Formerly squeaky-clean Disney stars go wild in 'Spring Breakers'

Harmony Korine seems to want it both ways, all day, with "Spring Breakers," his super-stylized descent into a sunbaked hell where bikini-clad, gun-toting college babes serve as our guides.
As writer and director, Korine wants us to be appalled and aroused, hypnotized and titillated. He wants to satirize the debauchery of girls gone wild while simultaneously reveling in it. And damned if he doesn't pull it off.
This is the rare movie that I actually found myself liking more the longer I spent away from it and the more I thought about it — mainly because I couldn't stop thinking about it. In the moment, I found it numbingly repetitive, even boring at times: an obvious juxtaposition of sex and violence, of dreamlike aesthetics within a nightmare scenario. And it is all of those things. But it stuck with me, and it made me appreciate the genius of Korine's approach.
There is a great deal of genuine artistry in this film, which is the most polished and mainstream to date from the maker of indies like "Trash Humpers." The exquisite images, which range from intimately gritty to eerily glowing, come from Belgian cinematographer Benoit Debie, and Cliff Martinez ("Drive") complements them with a mesmerizing score. But "Spring Breakers" is also provocative in various ways —totally unsurprising from the guy who wrote Larry Clark's "Kids" at age 19 — depending on the viewer. In super slo-mo, as beer-soaked party girls cavort on the beach to the thump of electronic dance music, is that how it actually feels in the middle of it? Or is that the frightening extreme adults imagine when they dare to ponder what their kids are up to each March?

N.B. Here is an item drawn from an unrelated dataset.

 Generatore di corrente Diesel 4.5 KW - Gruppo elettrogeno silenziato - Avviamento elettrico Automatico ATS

The corruption of formerly squeaky-clean Disney Channel superstars Selena Gomez and Vanessa Hudgens may be Korine's cleverest trick of all: They get to show some range, we get to gawk. But James Franco steals the whole movie away when he arrives about halfway through as a cornrowed, wanna-be gangster rapper named Alien (pronounced a-LEEN). It's a showy, wonderfully weird performance, but Franco also finds the vulnerability beneath the bravado. And in playing a complicated, flawed ringleader, he's much more effective here than he was in "Oz the Great and Powerful."

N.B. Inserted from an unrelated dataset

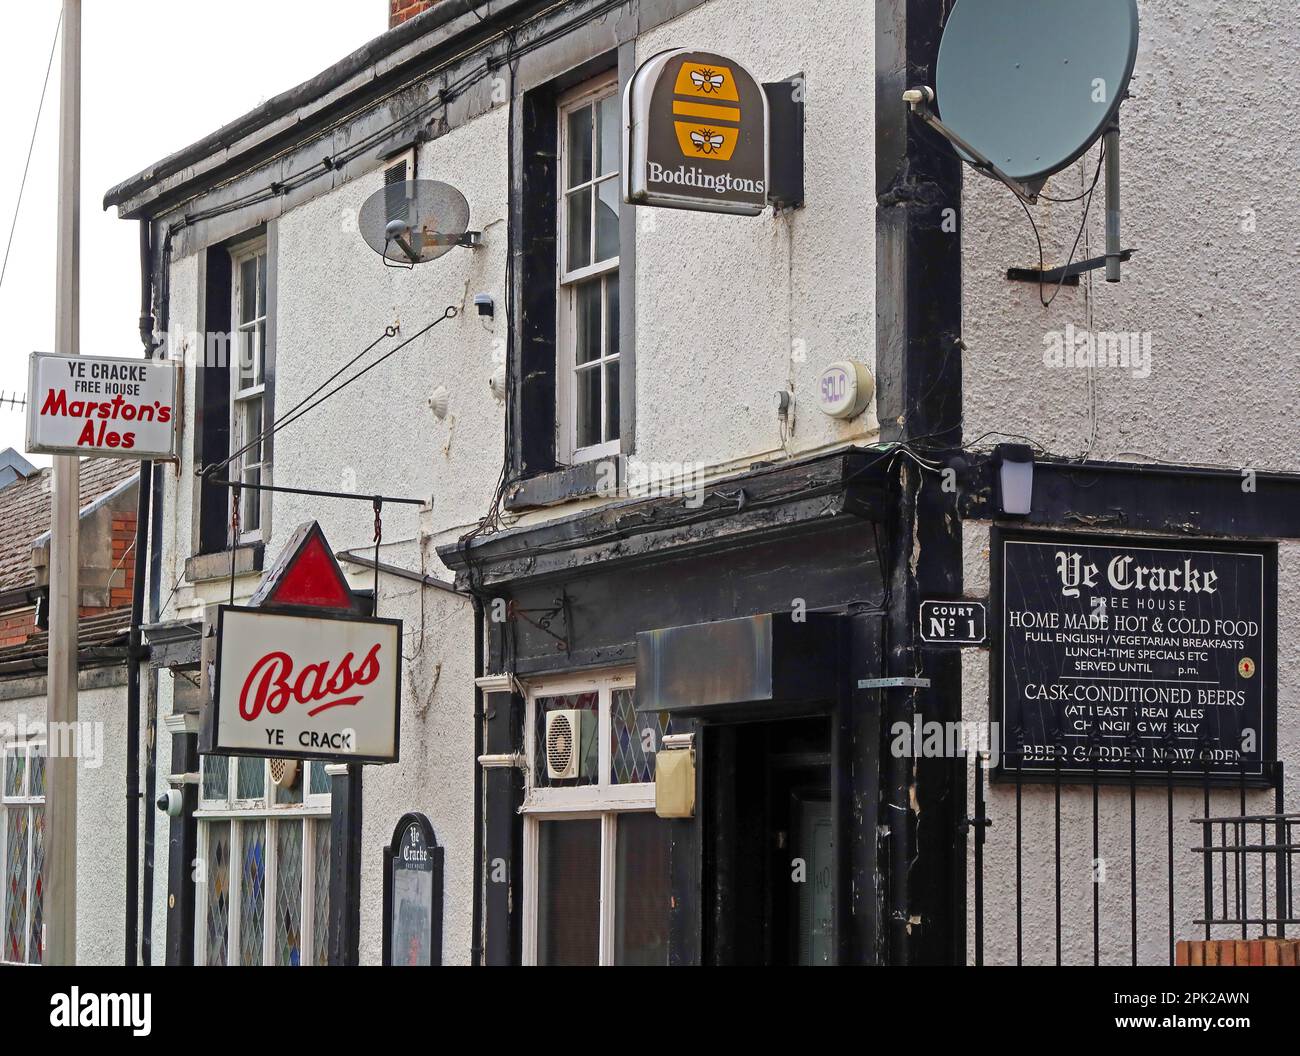 YE crack, pub historique de Liverpool, où John Lennon a bu, Bass, Boddingtons, et Marstons Ales signes, 13 rue Rice, L1 9BB Banque D'Images

The young women of "Spring Breakers" have their own treacherous road to follow. The four longtime friends (Gomez, Hudgens, Ashley Benson of "Pretty Little Liars" and Rachel Korine, the director's wife) long to escape the drudgery of their dreary college life. Spring break in Florida beckons, and after a quick-and-dirty, coked-up diner robbery — which three of the girls pull off without the help of Gomez's character, the churchgoing Faith — they're headed South.
Clearly these women already were headed for trouble long before they got in the car; they're essentially wild animals in hot pink nail polish. They just needed a little shove, which the promise of non-stop partying provides. When they get busted for narcotics possession — and the flashy Alien shows up to bail them out — their fates are sealed. He talks a lot of trash, jumping up and down on his cash-covered bed with a machine gun in each hand, flashing a devious smile through a glittering grill. But he's also lonely and needy, and in these girls — or at least in a couple of them — he thinks he's found his soul mates.

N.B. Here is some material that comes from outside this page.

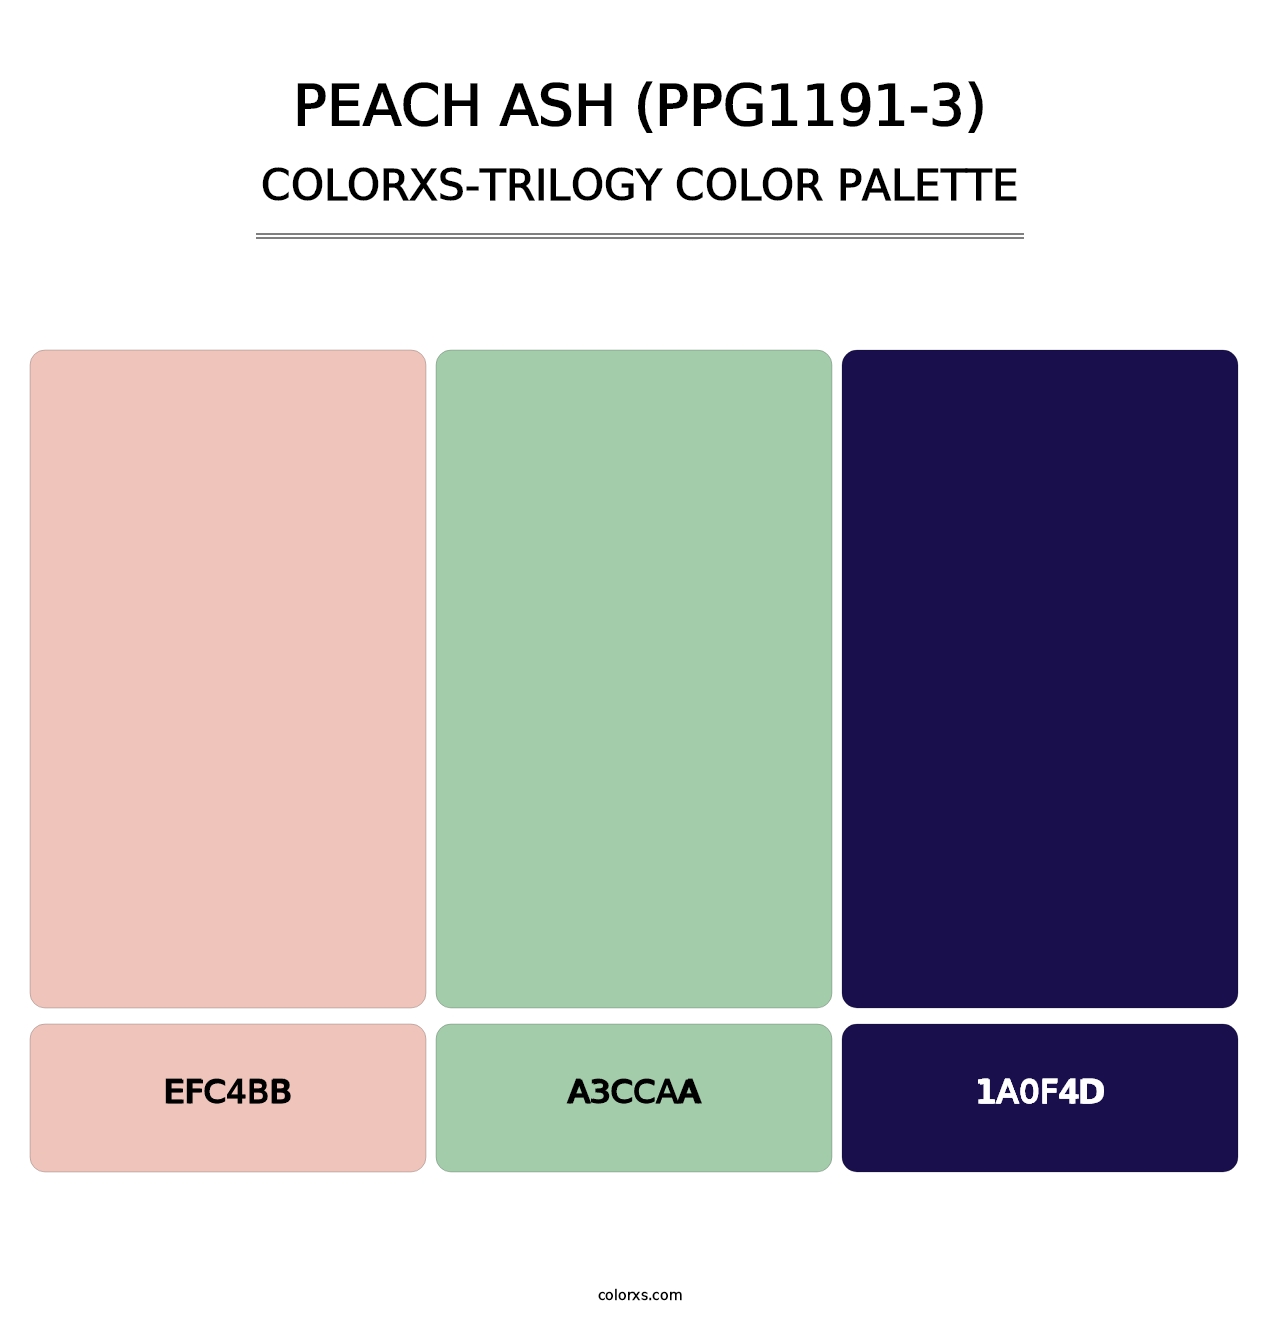 Peach Ash (PPG1191-3) - Colorxs Trilogy Palette

A scene in which Korine prominently (and effectively) uses Britney Spears' "Everytime" is a microcosm of the rest of the film, and its mixture of playfulness and danger. Alien sits down at his oh-so tasteful poolside piano and seems to expose himself emotionally by performing the haunting, plaintive ballad; Korine then plays the actual song over images of Alien's newfound harem bouncing in bikinis and girly-pink ski masks, hoisting rifles in the air and preparing to go on a crime spree. But a surprising amount of suspense reveals itself within the ridiculousness of it all; that's what makes "Spring Breakers" so hard to shake.
They never feel like real people, these curvaceous banditas, but they are the future of America, and this might be the last, best time of their lives. We're all screwed, Korine seems to be saying. It's very sad — but also kinda sexy.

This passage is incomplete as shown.